Abstract: How does sovereign risk affect investors' behavior? We answer this question using a novel database that combines sovereign default probabilities for 27 developed and emerging markets with monthly data on the portfolios of individual bond mutual funds. We first show that changes in yields do not fully compensate investors for additional sovereign risk, so that bond funds reduce their exposure to a country's assets when its sovereign default risk increases. However, the magnitude of the response varies widely across countries. Fund managers aggressively reduce their exposure to high-debt countries and high-risk countries.
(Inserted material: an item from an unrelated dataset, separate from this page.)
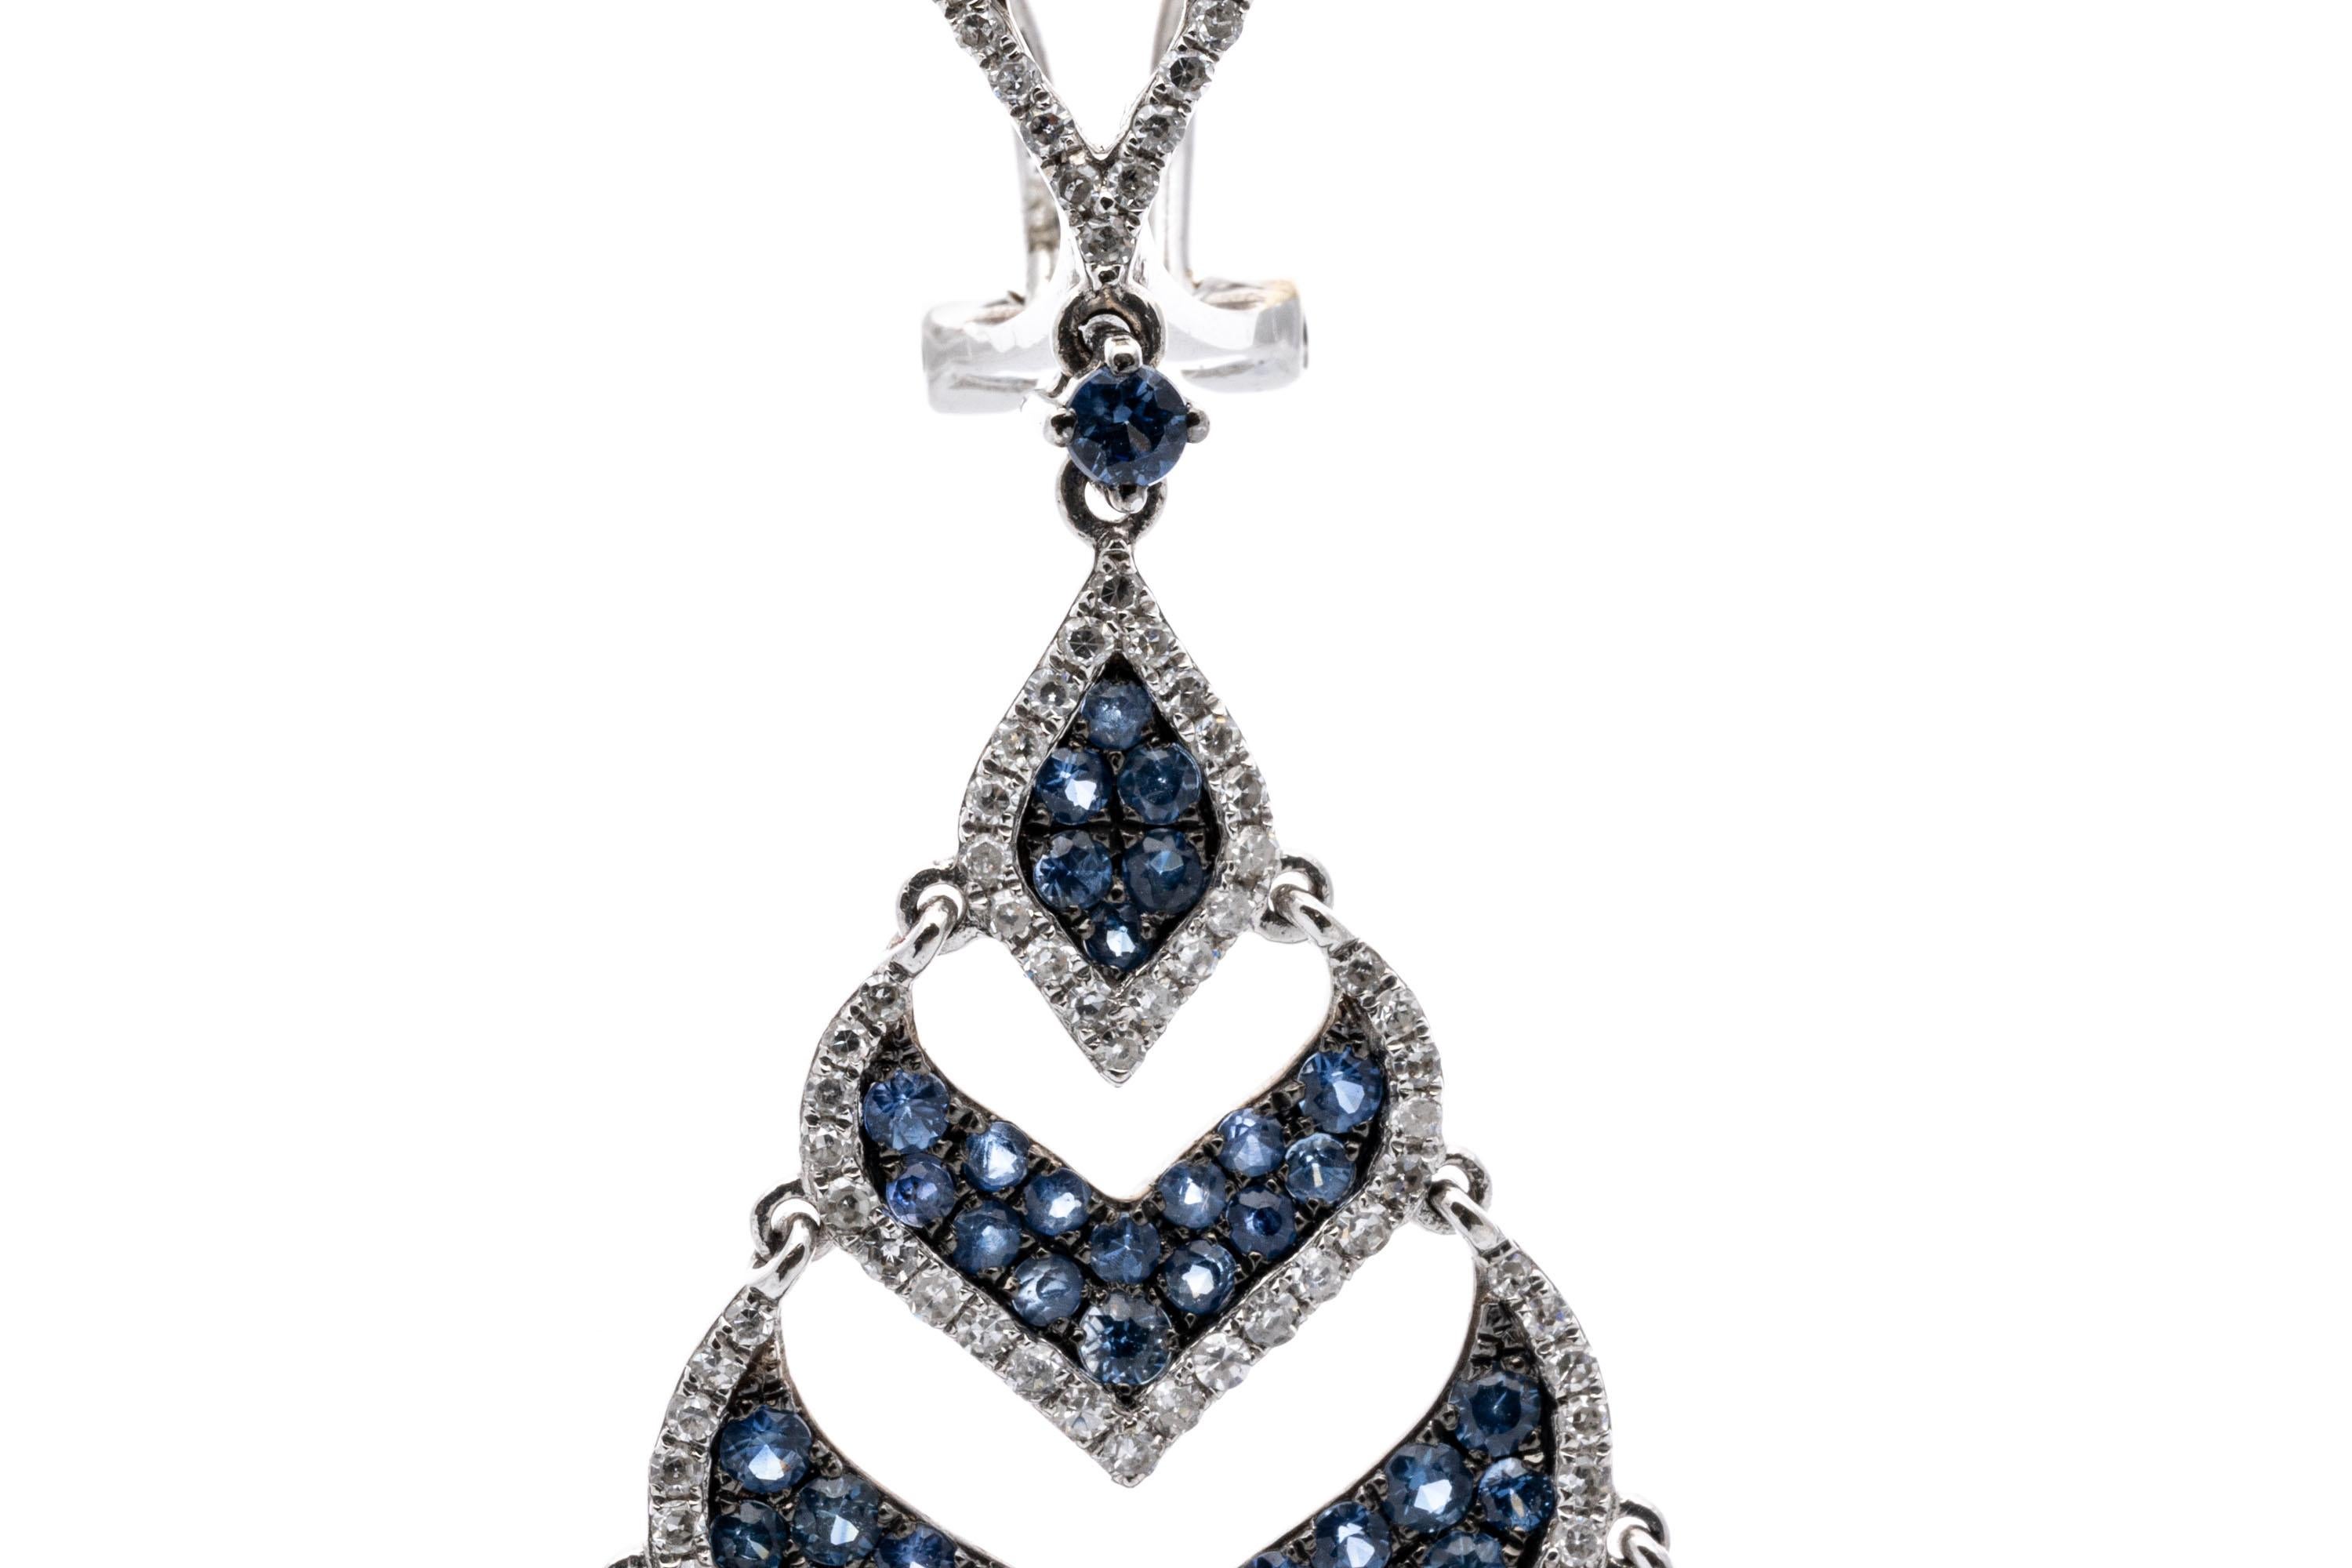 18k Gorgeous Blue Sapphire (3.98 TCW) And Diamond (1.24 TCW)  Pendant Earrings. These graceful, gorgeous earrings contain four nesting, graduated, chevron shaped drop swirls, all set with pave set round faceted light blue sapphires, trimmed with an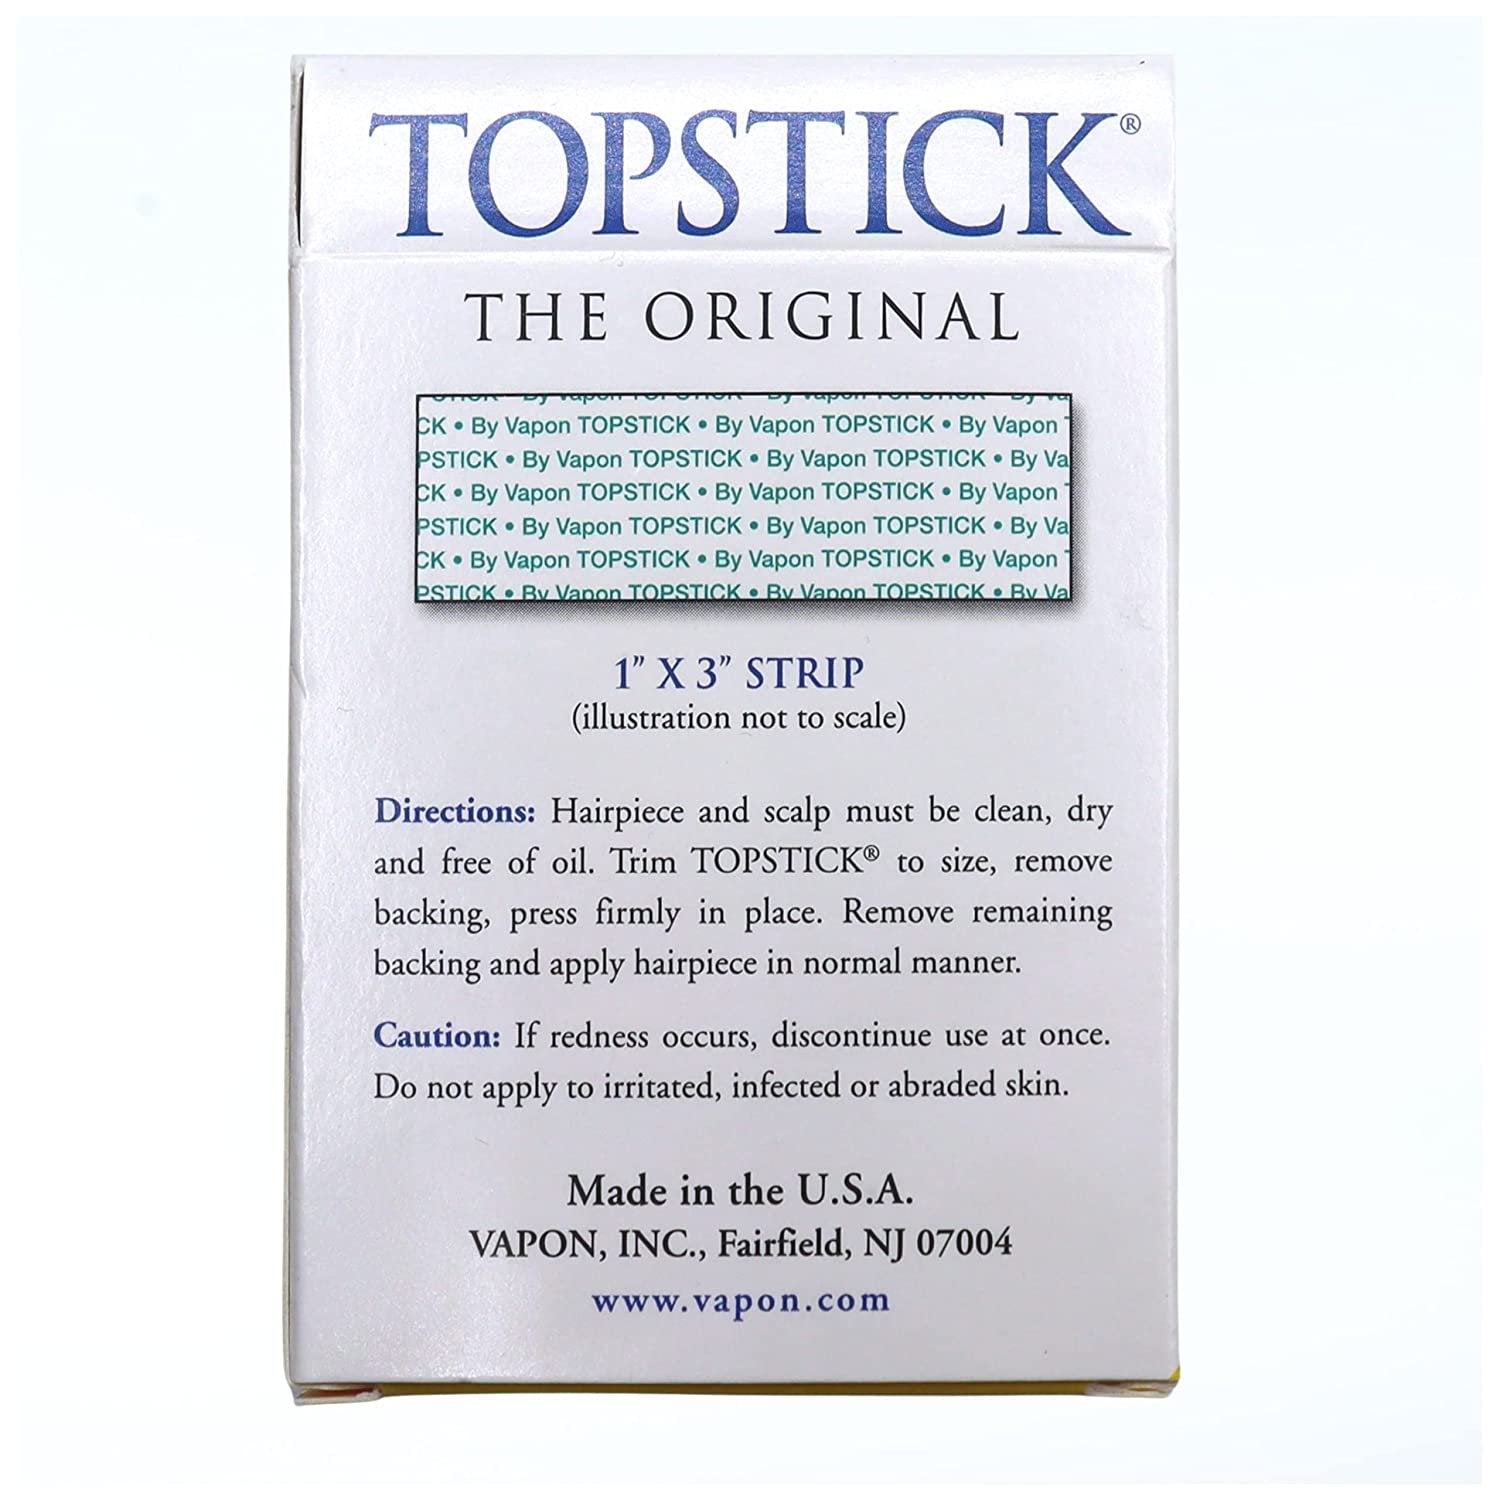 Vapon Topstick - The Original Men's Grooming Tape - 50 Count 1" x 3" Double Sided, Self Adhesive, Clear Tape for Toupee and Wig Adhesion - Hypo Allergenic, Waterproof, and Latex Free

By contrast, they are more lenient toward core developed markets. In this sense, these economies appear to receive preferential treatment. Second, we document what determines the destination of reallocation ows. When fund managers reduce their exposure to a country in response to its sovereign risk, they shift their assets to countries outside the immediate geographic region while at the same time avoiding countries with high debt-to-GDP ratios and markets to which they are already heavily exposed. These results are supportive of models of sovereign default that assign a nontrivial role to the preferences of international creditors.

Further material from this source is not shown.